Location
- Butts Lane Tattershall, Lincolnshire, LN4 4PN England
- Coordinates: 53°06′23″N 0°10′52″W﻿ / ﻿53.1063°N 0.1811°W

Information
- Type: Academy
- Local authority: Lincolnshire
- Trust: David Ross Education Trust
- Department for Education URN: 141166 Tables
- Ofsted: Reports
- Headteacher: Charlotte Dunsford
- Gender: Coeducational
- Age: 11 to 16
- Enrolment: 544
- Capacity: 560
- Houses: Dakota; Hurricane; Lancaster; Spitfire
- Website: http://www.barneswallisacademy.co.uk/
- 1km 0.6miles Barnes Wallis Academy

= Barnes Wallis Academy =

Barnes Wallis Academy (formerly Gartree Community School) is a coeducational secondary school located in the village of Tattershall in Lincolnshire, England.

==History==
In 1950, Woodhall Spa Urban District proposed the idea of a school in Woodhall Spa. Approval for the new school was granted by the Lindsey Education Committee in July 1951, with an estimated cost of £63,659.

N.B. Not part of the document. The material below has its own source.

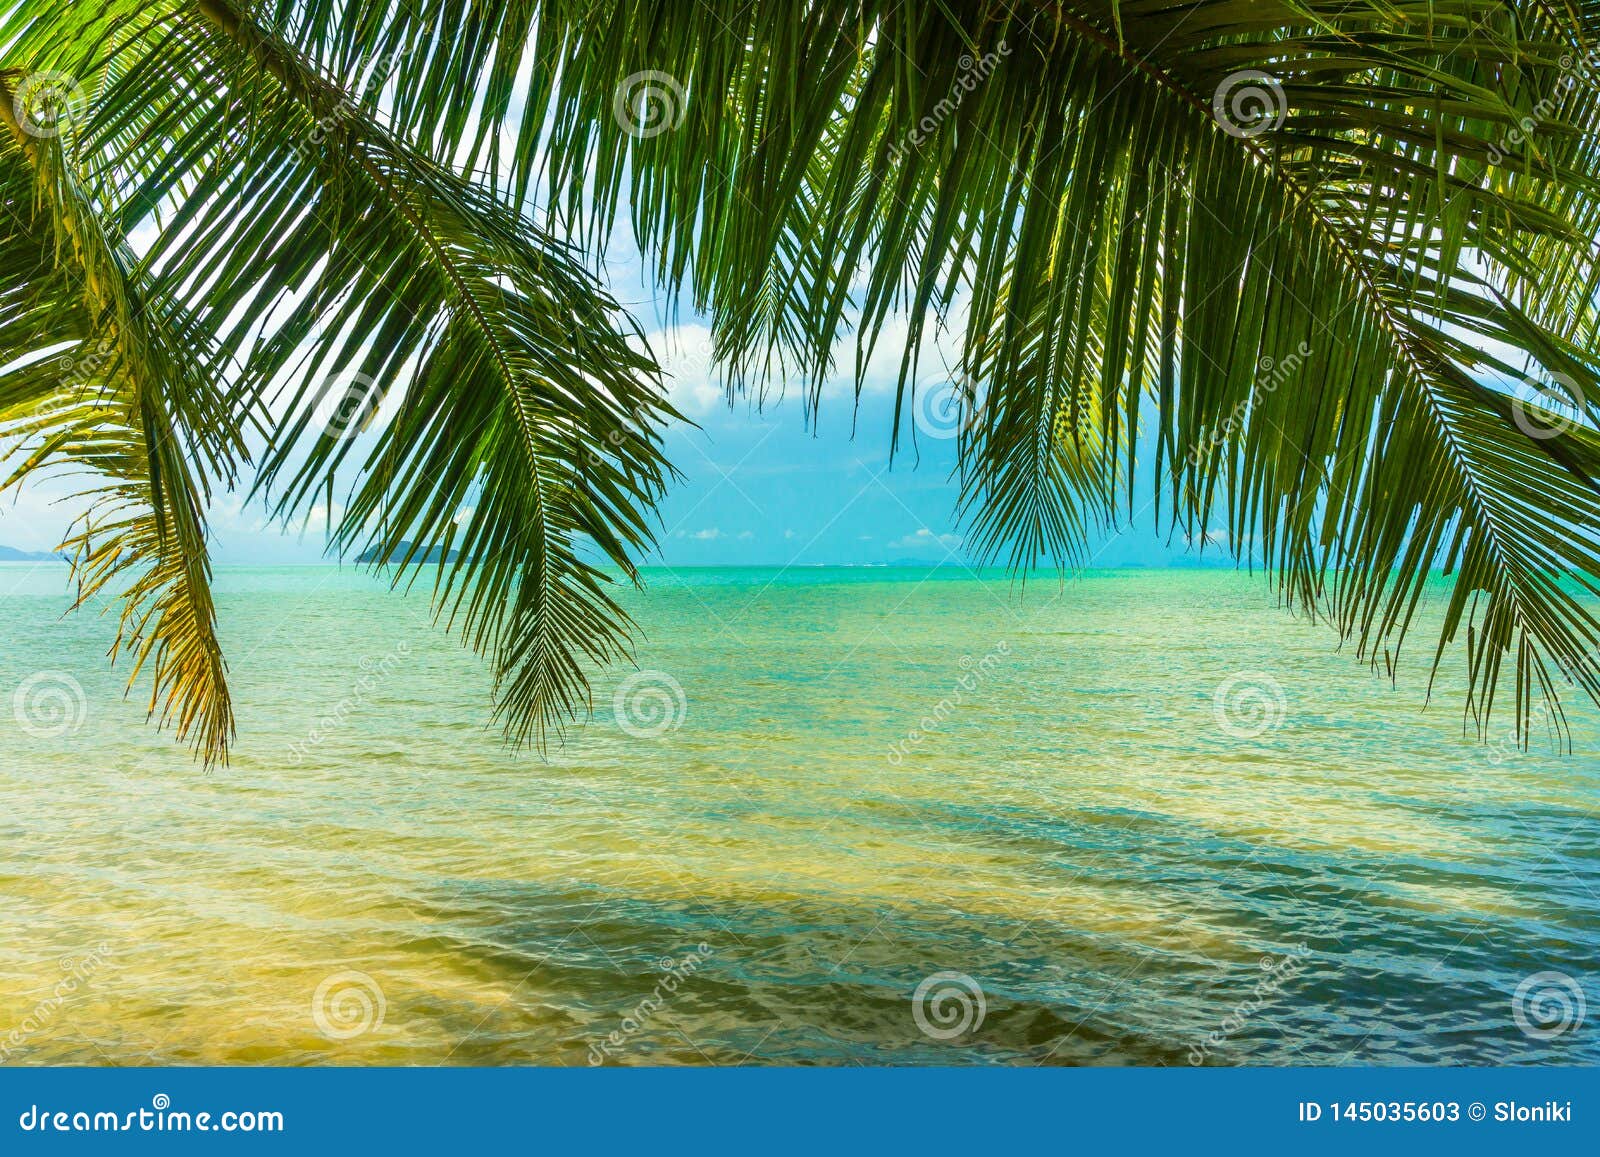 Sunny Tropical Beach Turquoise Thailand Sea With Palm Trees Stock

The school was designed by architect Denis Clarke Hall (son of Edna Clarke Hall) of the architectural practice Denis Clarke Hall, Scorer & Bright. Construction was carried out by J.T. Barber & Son of Boston, with structural steel-work provided by Robert Stevenson of Norwich. Named after the former Gartree wapentake, the school was built on a 12-acre site with six classrooms and a two-form entry system, designed as the initial phase of a larger development. The final cost was approximately £70,000.

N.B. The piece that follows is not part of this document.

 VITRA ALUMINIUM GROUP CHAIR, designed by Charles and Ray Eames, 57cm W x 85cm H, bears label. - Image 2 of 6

With a capacity for 320 students, the school accommodated 260 students from areas including Mareham-le-Fen, Revesby, Tumby Woodside, Wildmore, and Woodhall Spa. It opened in April 1954.

The official opening ceremony took place on 7 October 1954, attended by Lincolnshire MP Harry Crookshank (Minister of Health from 1951 - 1952). Other attendees included Lt-Col Sir Weston Cracroft-Amcotts (Chairman of the Lindsey County Council), and Frederick Birkbeck (Director of Education for Lindsey). The school’s first headmaster was Mr. D. Parkin.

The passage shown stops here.